### Directions
Please give every line below again exactly, but not its pictures.

### Data extract
'''

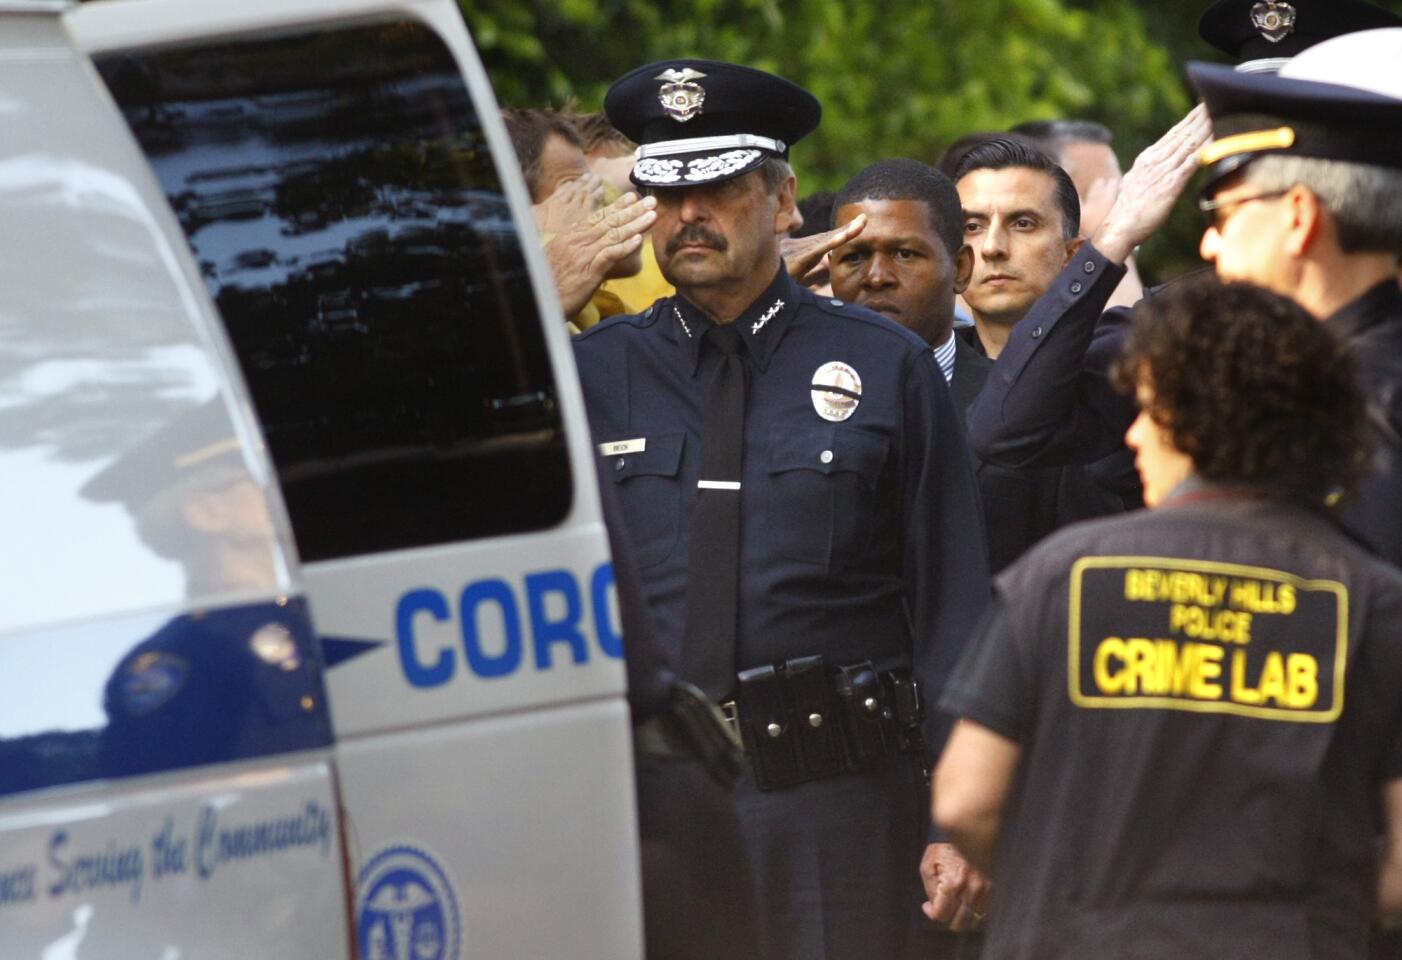 LAPD Chief Charlie Beck salutes as the body of an off-duty police officer killed in an accident with a cement truck is placed into the coroner's van
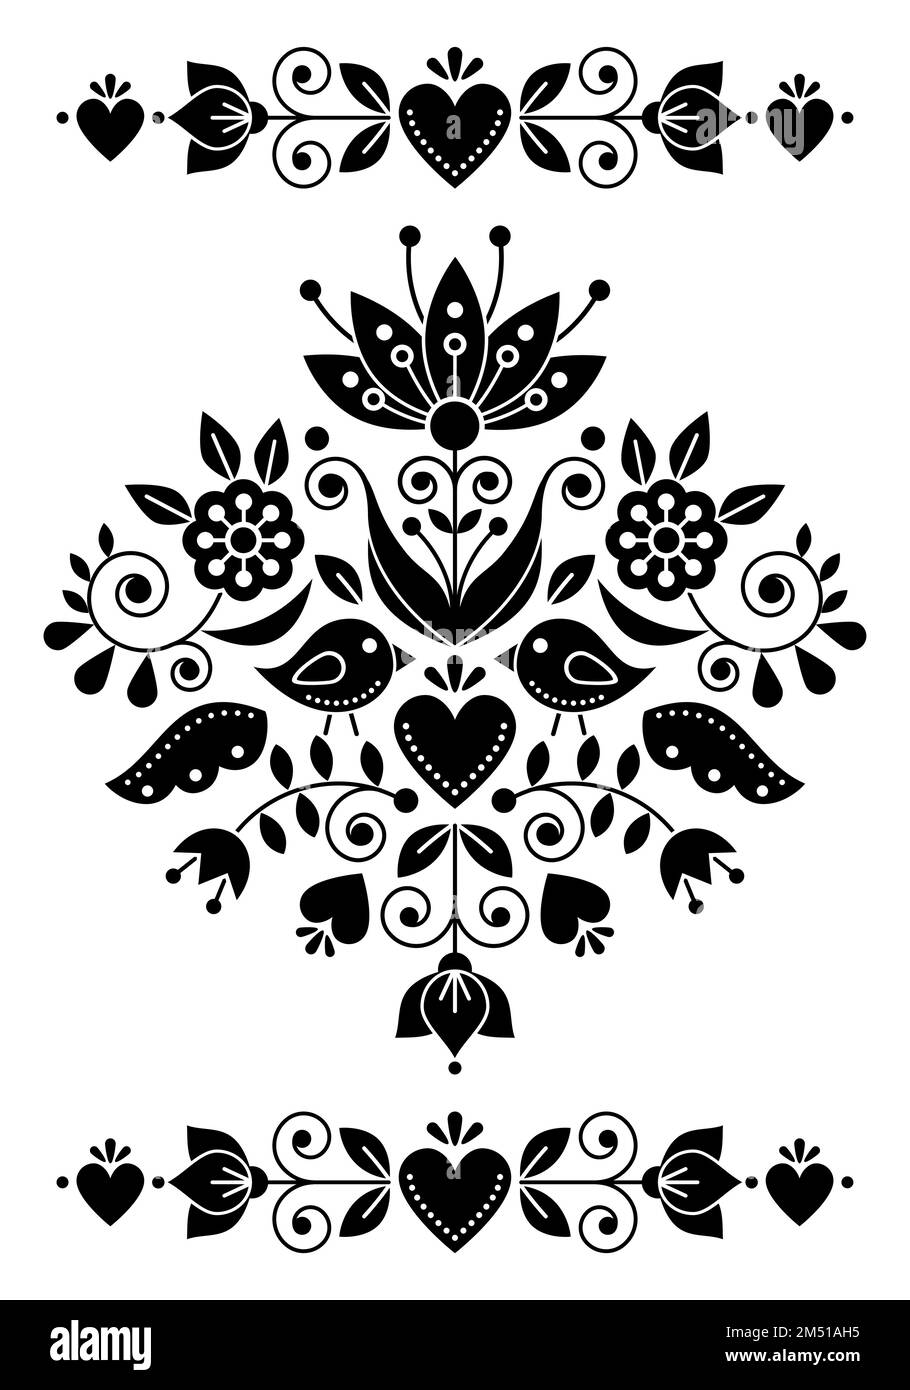 Swedish folk art vector greeting card or invitation design with birds and floral motif, black and white pattern inspired by the traditional Scandinavi Stock Vector
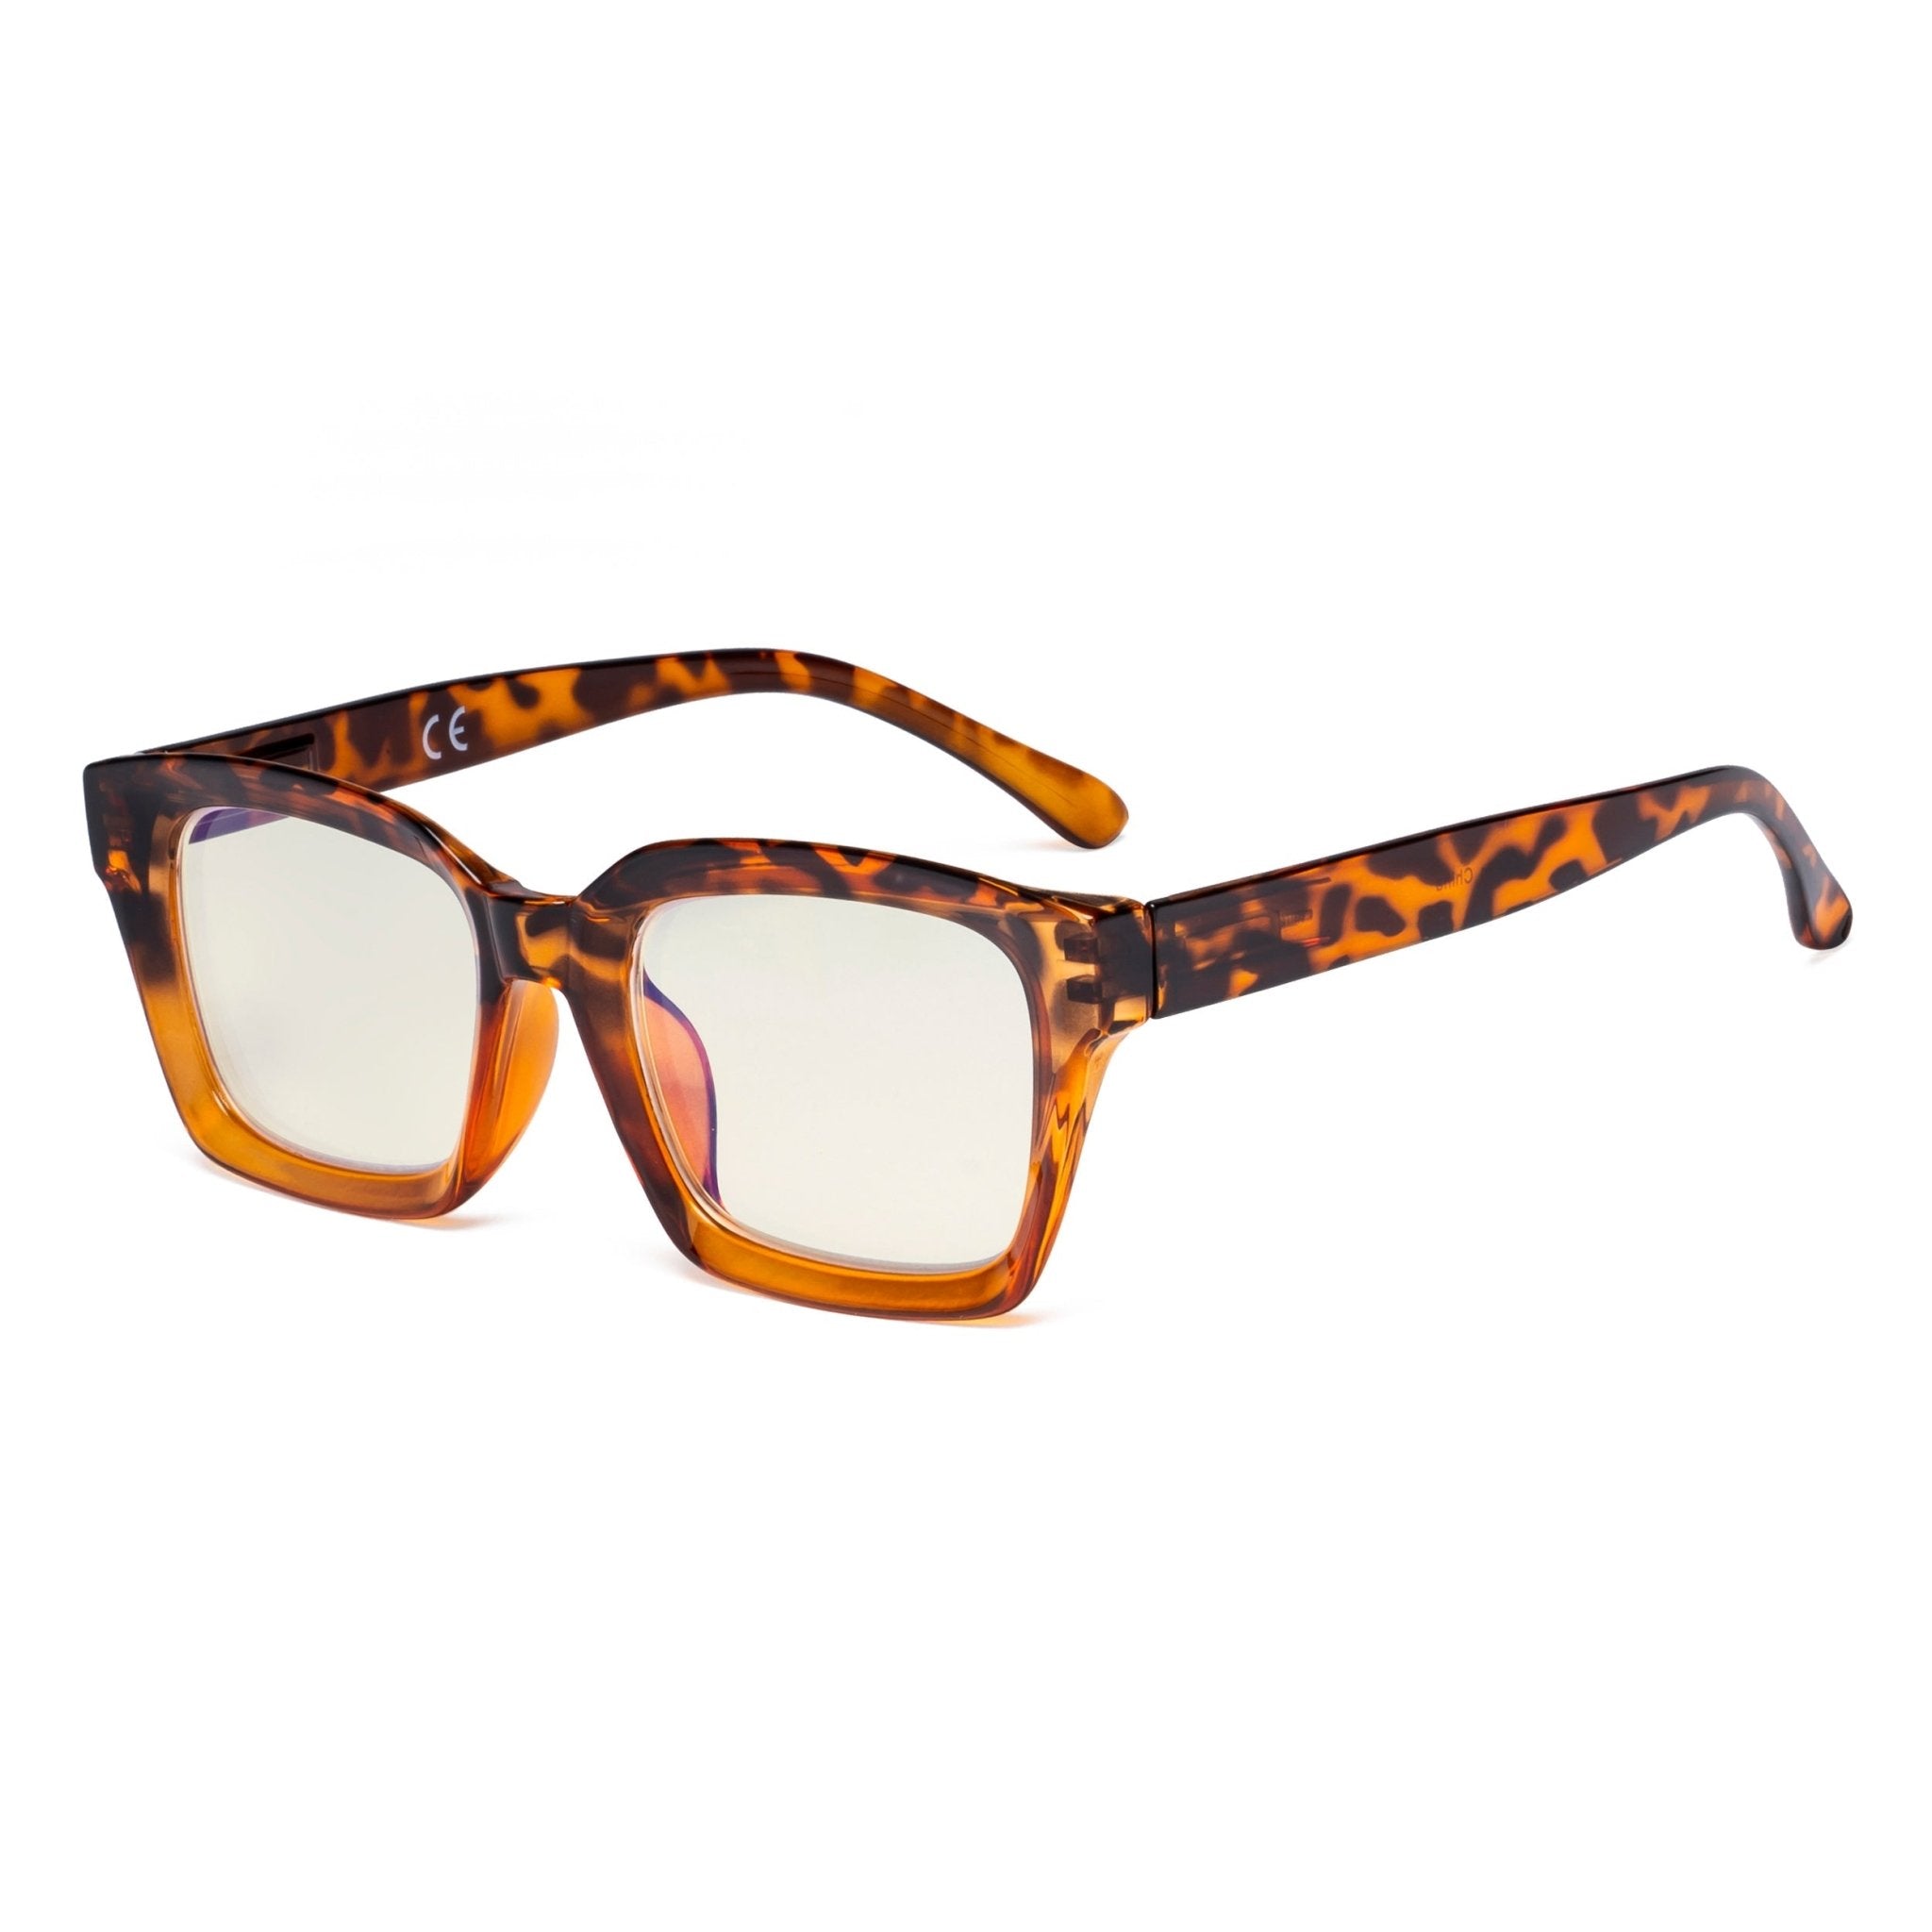 Classic Funky Modern Retro Style READING GLASSES READERS, 44% OFF

'''

### Output
 LAPD Chief Charlie Beck salutes as the body of an off-duty police officer killed in an accident with a cement truck is placed into the coroner's van
 Swedish folk art vector greeting card or invitation design with birds and floral motif, black and white pattern inspired by the traditional Scandinavi Stock Vector
 Classic Funky Modern Retro Style READING GLASSES READERS, 44% OFF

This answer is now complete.